* PROBLEM REQUIREMENTS *
For the listing below, print exactly the lines from the line with "Stock Photo - Spring Nature 2015" to the line with "Image 2 of article", both included, and nothing beyond them.

========

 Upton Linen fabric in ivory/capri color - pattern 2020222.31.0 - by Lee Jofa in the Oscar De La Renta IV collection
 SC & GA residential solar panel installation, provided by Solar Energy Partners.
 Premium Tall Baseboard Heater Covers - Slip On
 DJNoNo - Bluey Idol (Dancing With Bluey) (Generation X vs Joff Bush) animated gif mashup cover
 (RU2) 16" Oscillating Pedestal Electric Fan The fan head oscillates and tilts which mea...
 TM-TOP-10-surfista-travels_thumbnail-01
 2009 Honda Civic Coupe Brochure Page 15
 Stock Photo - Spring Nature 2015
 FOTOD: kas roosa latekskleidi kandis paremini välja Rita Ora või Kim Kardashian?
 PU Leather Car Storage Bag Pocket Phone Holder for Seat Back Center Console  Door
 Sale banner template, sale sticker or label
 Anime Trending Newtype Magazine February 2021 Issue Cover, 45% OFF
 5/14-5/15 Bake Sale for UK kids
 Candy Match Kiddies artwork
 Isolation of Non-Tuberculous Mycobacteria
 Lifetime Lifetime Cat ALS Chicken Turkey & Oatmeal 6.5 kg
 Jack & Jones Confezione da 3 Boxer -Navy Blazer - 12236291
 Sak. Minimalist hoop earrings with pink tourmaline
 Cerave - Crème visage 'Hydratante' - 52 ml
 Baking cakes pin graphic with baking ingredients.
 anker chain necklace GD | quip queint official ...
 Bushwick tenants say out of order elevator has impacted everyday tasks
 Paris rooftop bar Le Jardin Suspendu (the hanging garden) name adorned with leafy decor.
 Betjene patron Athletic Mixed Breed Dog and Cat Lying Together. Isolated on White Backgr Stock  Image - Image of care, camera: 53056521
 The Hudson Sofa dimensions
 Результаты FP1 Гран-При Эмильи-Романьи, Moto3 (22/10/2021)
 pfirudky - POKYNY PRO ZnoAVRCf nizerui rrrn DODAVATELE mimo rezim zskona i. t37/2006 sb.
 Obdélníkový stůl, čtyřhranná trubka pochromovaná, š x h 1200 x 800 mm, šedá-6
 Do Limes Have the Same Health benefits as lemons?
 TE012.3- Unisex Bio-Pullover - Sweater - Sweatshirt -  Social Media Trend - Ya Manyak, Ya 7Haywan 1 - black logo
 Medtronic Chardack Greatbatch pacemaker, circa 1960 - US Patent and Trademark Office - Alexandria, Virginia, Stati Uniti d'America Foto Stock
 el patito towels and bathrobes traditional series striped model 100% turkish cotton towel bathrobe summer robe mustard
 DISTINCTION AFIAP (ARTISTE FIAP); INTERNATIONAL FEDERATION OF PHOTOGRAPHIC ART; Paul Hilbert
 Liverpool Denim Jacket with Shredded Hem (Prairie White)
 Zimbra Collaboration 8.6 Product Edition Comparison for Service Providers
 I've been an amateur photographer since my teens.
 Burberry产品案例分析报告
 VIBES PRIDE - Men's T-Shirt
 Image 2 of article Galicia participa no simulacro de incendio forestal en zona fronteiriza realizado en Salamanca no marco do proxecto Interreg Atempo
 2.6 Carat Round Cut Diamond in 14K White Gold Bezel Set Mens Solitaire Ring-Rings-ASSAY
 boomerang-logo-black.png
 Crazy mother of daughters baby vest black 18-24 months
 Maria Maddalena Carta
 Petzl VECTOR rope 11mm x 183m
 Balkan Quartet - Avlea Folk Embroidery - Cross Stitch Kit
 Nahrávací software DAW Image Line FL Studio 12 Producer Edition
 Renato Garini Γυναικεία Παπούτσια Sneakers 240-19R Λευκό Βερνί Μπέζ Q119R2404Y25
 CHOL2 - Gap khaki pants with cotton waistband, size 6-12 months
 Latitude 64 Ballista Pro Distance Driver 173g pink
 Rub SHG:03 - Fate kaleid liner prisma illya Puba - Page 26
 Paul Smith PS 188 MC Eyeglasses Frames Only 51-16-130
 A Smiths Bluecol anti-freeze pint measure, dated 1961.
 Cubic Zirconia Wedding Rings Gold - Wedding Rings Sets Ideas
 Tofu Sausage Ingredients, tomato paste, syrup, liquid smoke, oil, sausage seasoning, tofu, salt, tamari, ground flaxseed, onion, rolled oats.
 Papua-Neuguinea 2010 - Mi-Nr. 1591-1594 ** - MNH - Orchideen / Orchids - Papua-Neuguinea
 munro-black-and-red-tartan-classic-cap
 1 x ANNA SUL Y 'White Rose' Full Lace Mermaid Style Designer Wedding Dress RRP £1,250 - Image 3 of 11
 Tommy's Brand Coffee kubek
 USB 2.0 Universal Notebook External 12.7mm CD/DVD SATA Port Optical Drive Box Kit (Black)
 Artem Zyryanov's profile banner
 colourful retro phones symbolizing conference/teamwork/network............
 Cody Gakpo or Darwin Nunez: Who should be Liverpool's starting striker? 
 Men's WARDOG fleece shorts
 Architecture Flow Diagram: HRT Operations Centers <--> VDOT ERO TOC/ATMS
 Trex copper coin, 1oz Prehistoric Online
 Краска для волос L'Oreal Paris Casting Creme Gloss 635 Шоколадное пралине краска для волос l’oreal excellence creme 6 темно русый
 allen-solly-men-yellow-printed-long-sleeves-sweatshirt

========

* EXERCISE SOLUTION *
 Stock Photo - Spring Nature 2015
 FOTOD: kas roosa latekskleidi kandis paremini välja Rita Ora või Kim Kardashian?
 PU Leather Car Storage Bag Pocket Phone Holder for Seat Back Center Console  Door
 Sale banner template, sale sticker or label
 Anime Trending Newtype Magazine February 2021 Issue Cover, 45% OFF
 5/14-5/15 Bake Sale for UK kids
 Candy Match Kiddies artwork
 Isolation of Non-Tuberculous Mycobacteria
 Lifetime Lifetime Cat ALS Chicken Turkey & Oatmeal 6.5 kg
 Jack & Jones Confezione da 3 Boxer -Navy Blazer - 12236291
 Sak. Minimalist hoop earrings with pink tourmaline
 Cerave - Crème visage 'Hydratante' - 52 ml
 Baking cakes pin graphic with baking ingredients.
 anker chain necklace GD | quip queint official ...
 Bushwick tenants say out of order elevator has impacted everyday tasks
 Paris rooftop bar Le Jardin Suspendu (the hanging garden) name adorned with leafy decor.
 Betjene patron Athletic Mixed Breed Dog and Cat Lying Together. Isolated on White Backgr Stock  Image - Image of care, camera: 53056521
 The Hudson Sofa dimensions
 Результаты FP1 Гран-При Эмильи-Романьи, Moto3 (22/10/2021)
 pfirudky - POKYNY PRO ZnoAVRCf nizerui rrrn DODAVATELE mimo rezim zskona i. t37/2006 sb.
 Obdélníkový stůl, čtyřhranná trubka pochromovaná, š x h 1200 x 800 mm, šedá-6
 Do Limes Have the Same Health benefits as lemons?
 TE012.3- Unisex Bio-Pullover - Sweater - Sweatshirt -  Social Media Trend - Ya Manyak, Ya 7Haywan 1 - black logo
 Medtronic Chardack Greatbatch pacemaker, circa 1960 - US Patent and Trademark Office - Alexandria, Virginia, Stati Uniti d'America Foto Stock
 el patito towels and bathrobes traditional series striped model 100% turkish cotton towel bathrobe summer robe mustard
 DISTINCTION AFIAP (ARTISTE FIAP); INTERNATIONAL FEDERATION OF PHOTOGRAPHIC ART; Paul Hilbert
 Liverpool Denim Jacket with Shredded Hem (Prairie White)
 Zimbra Collaboration 8.6 Product Edition Comparison for Service Providers
 I've been an amateur photographer since my teens.
 Burberry产品案例分析报告
 VIBES PRIDE - Men's T-Shirt
 Image 2 of article Galicia participa no simulacro de incendio forestal en zona fronteiriza realizado en Salamanca no marco do proxecto Interreg Atempo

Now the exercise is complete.